* Directions *
Every line of the material is to be transcribed verbatim, with images omitted.

* Given information *
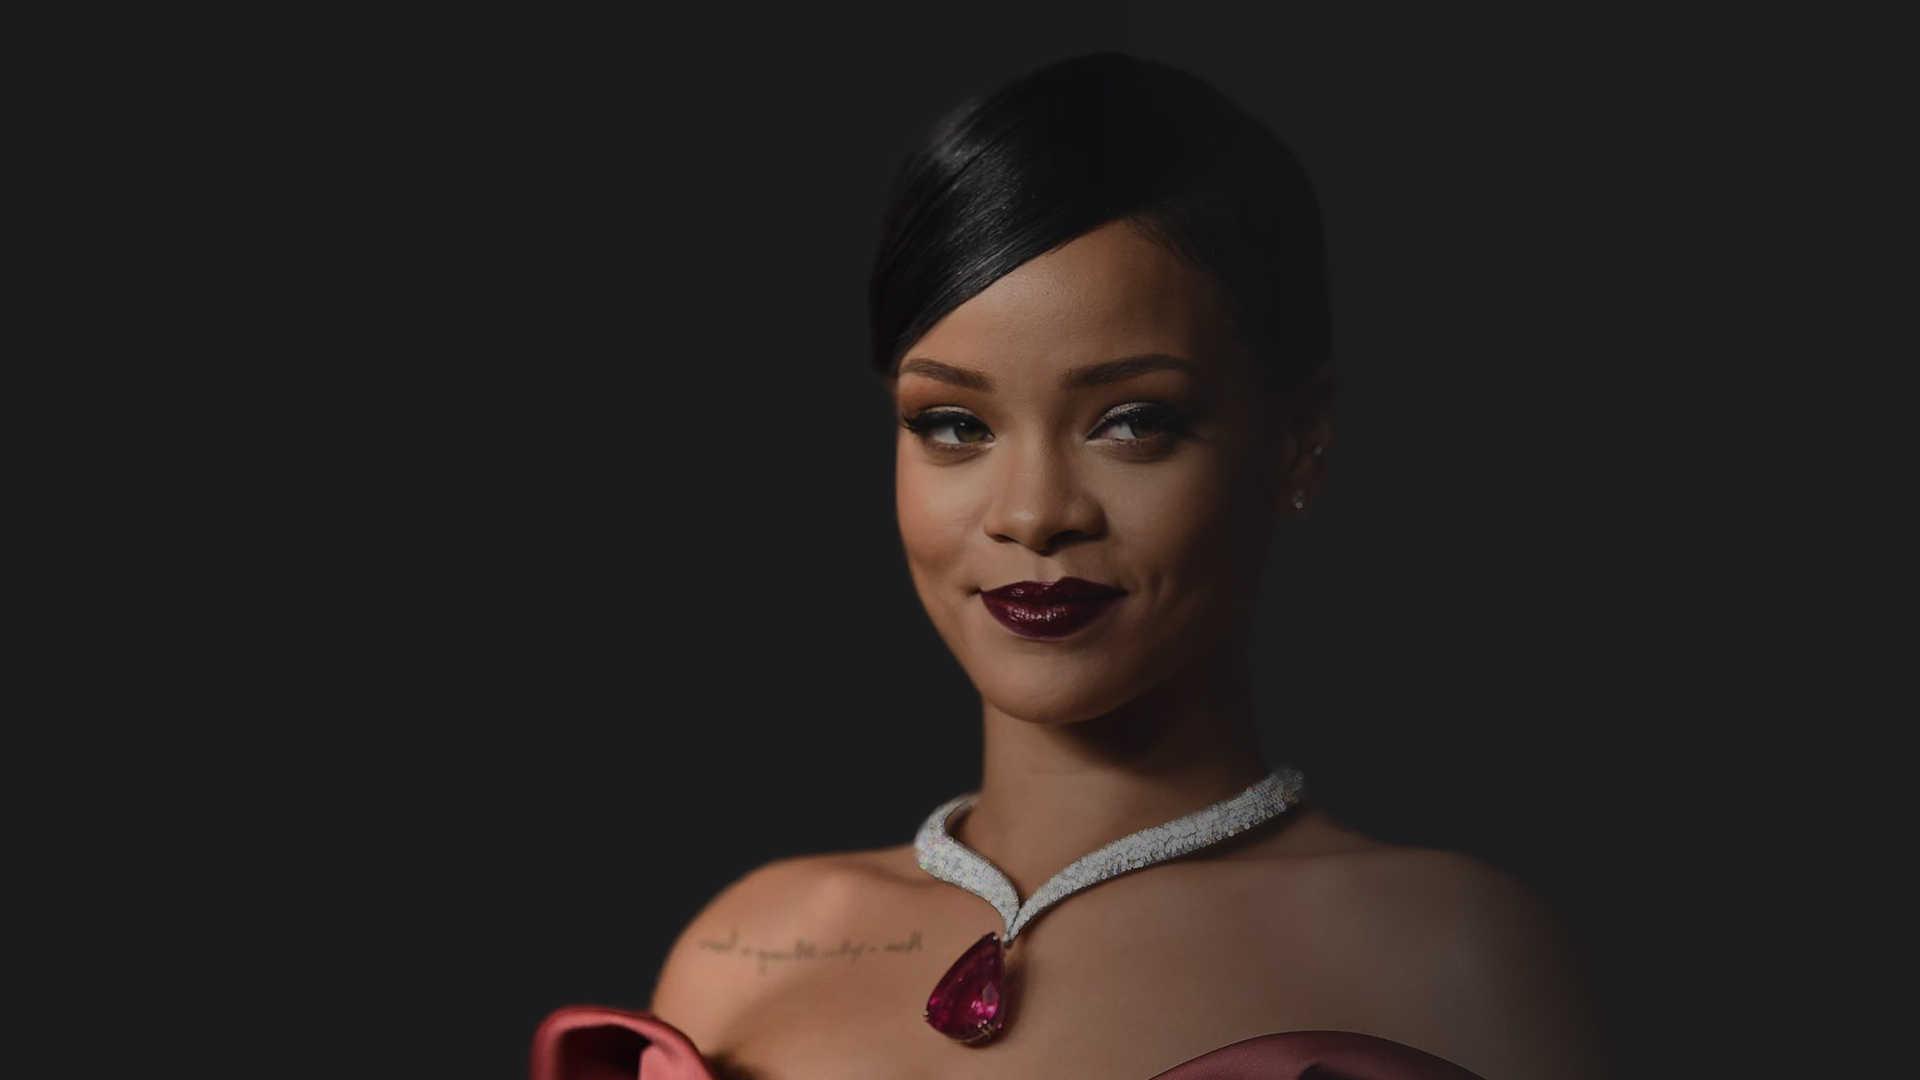 Wallpaper Rihanna 2015 HD Wallpapers 1080p Upload at February 26 1920x1080
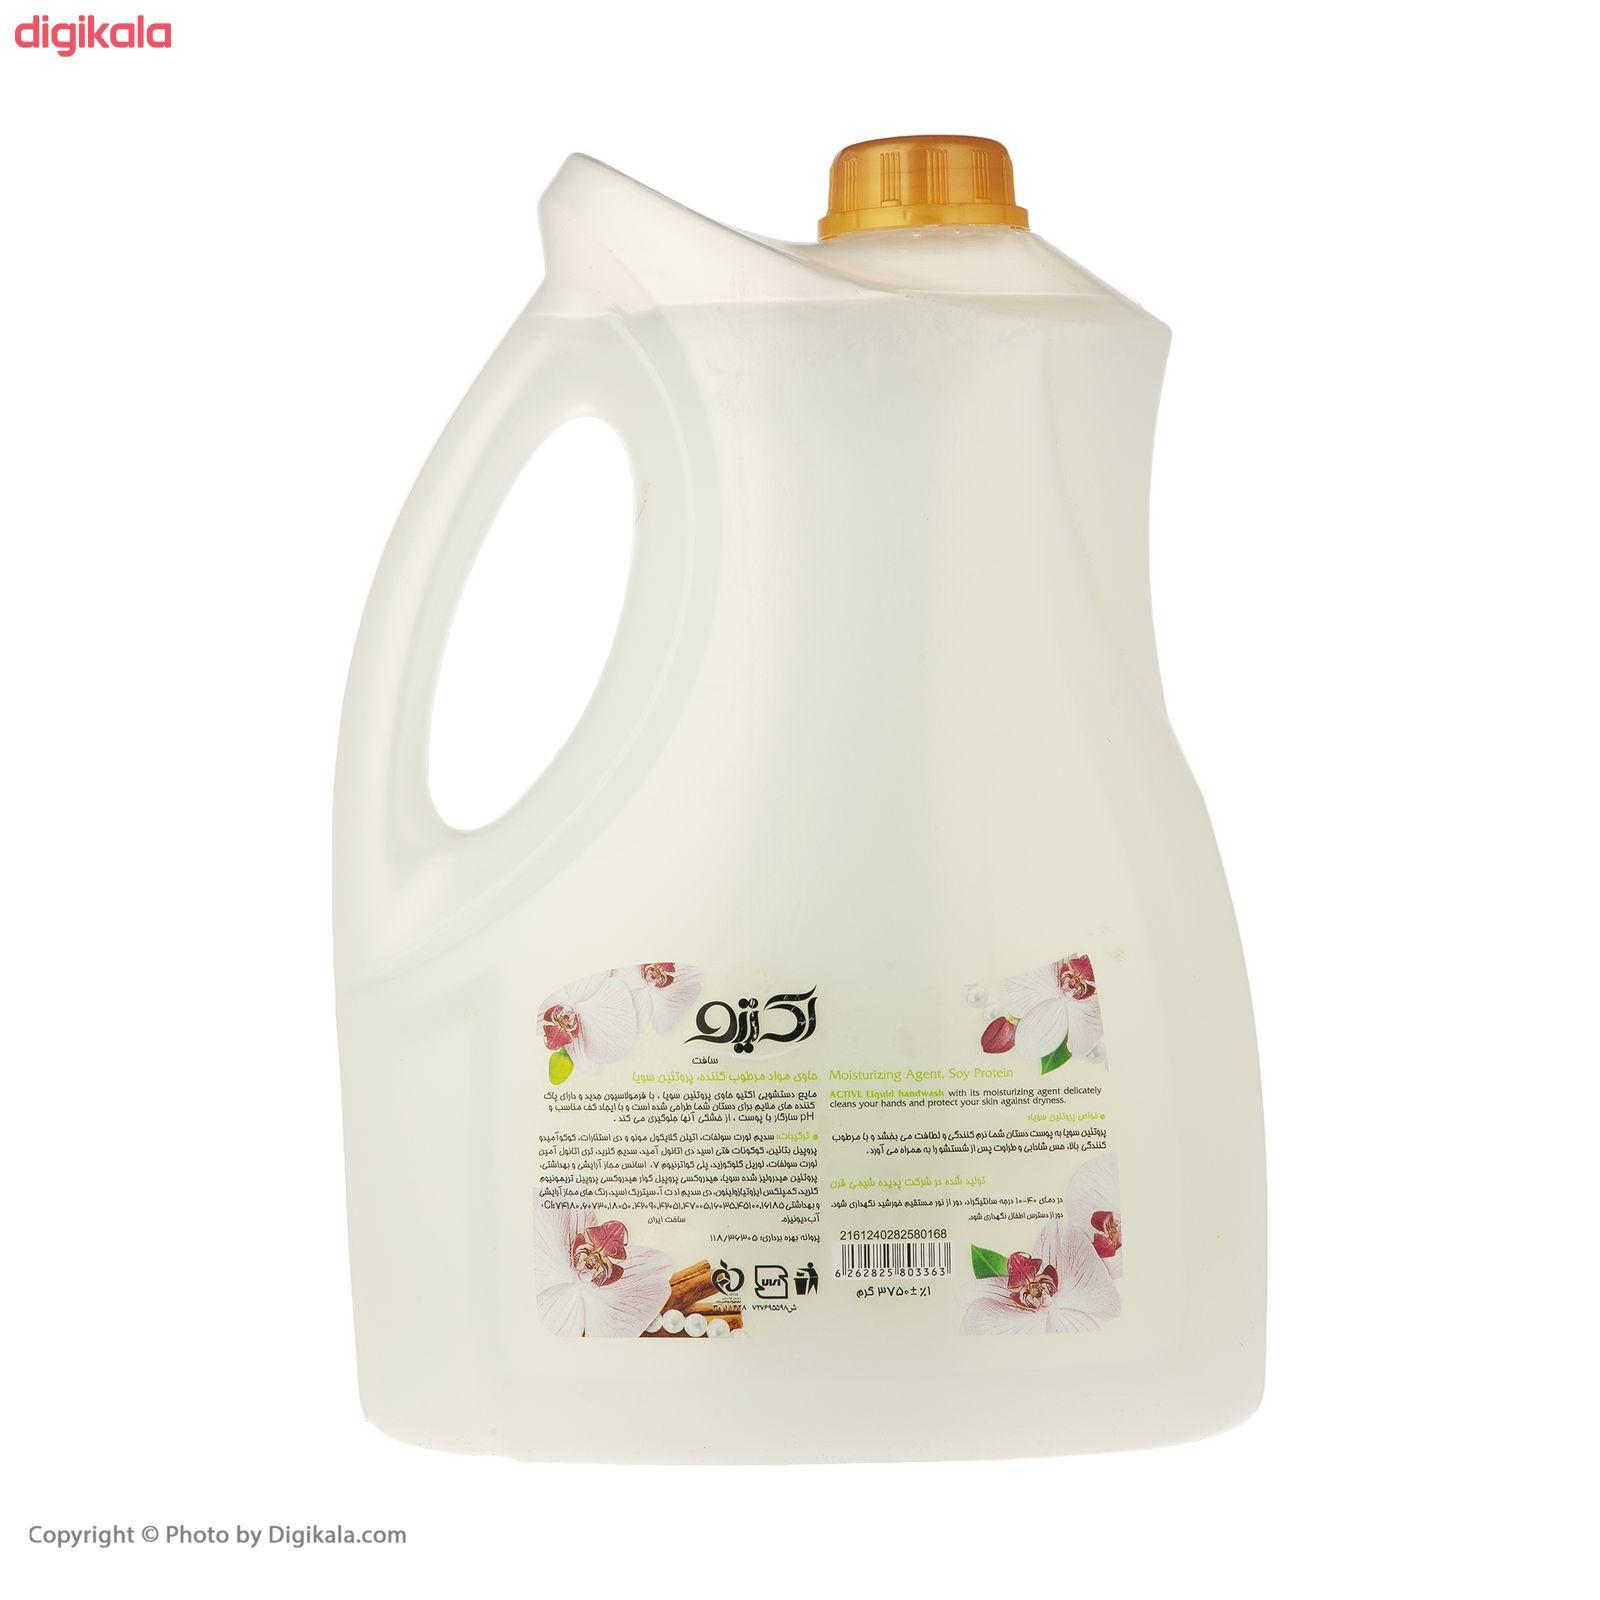 مایع دستشویی اکتیو مدل Orchid & Cinnamon مقدار 3.75 کیلوگرم main 1 1
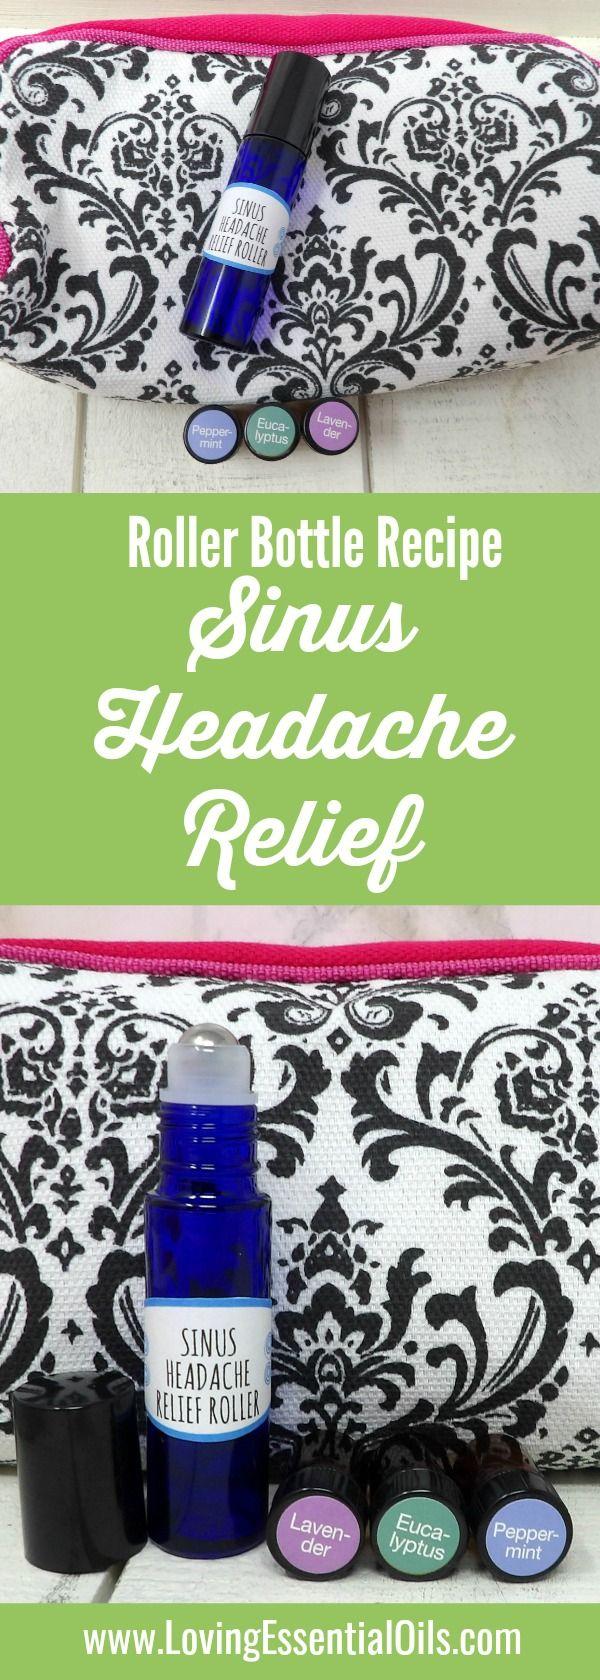 DIY RECIPES - Essential Oils For Sinus Headache Relief - Roller Bottle Recipe | Loving Essential Oils #sinusheadache #essentialoilrecipes #DIYrecipes

* Finished task *
 Wallpaper Rihanna 2015 HD Wallpapers 1080p Upload at February 26 1920x1080
 مایع دستشویی اکتیو مدل Orchid & Cinnamon مقدار 3.75 کیلوگرم main 1 1
 DIY RECIPES - Essential Oils For Sinus Headache Relief - Roller Bottle Recipe | Loving Essential Oils #sinusheadache #essentialoilrecipes #DIYrecipes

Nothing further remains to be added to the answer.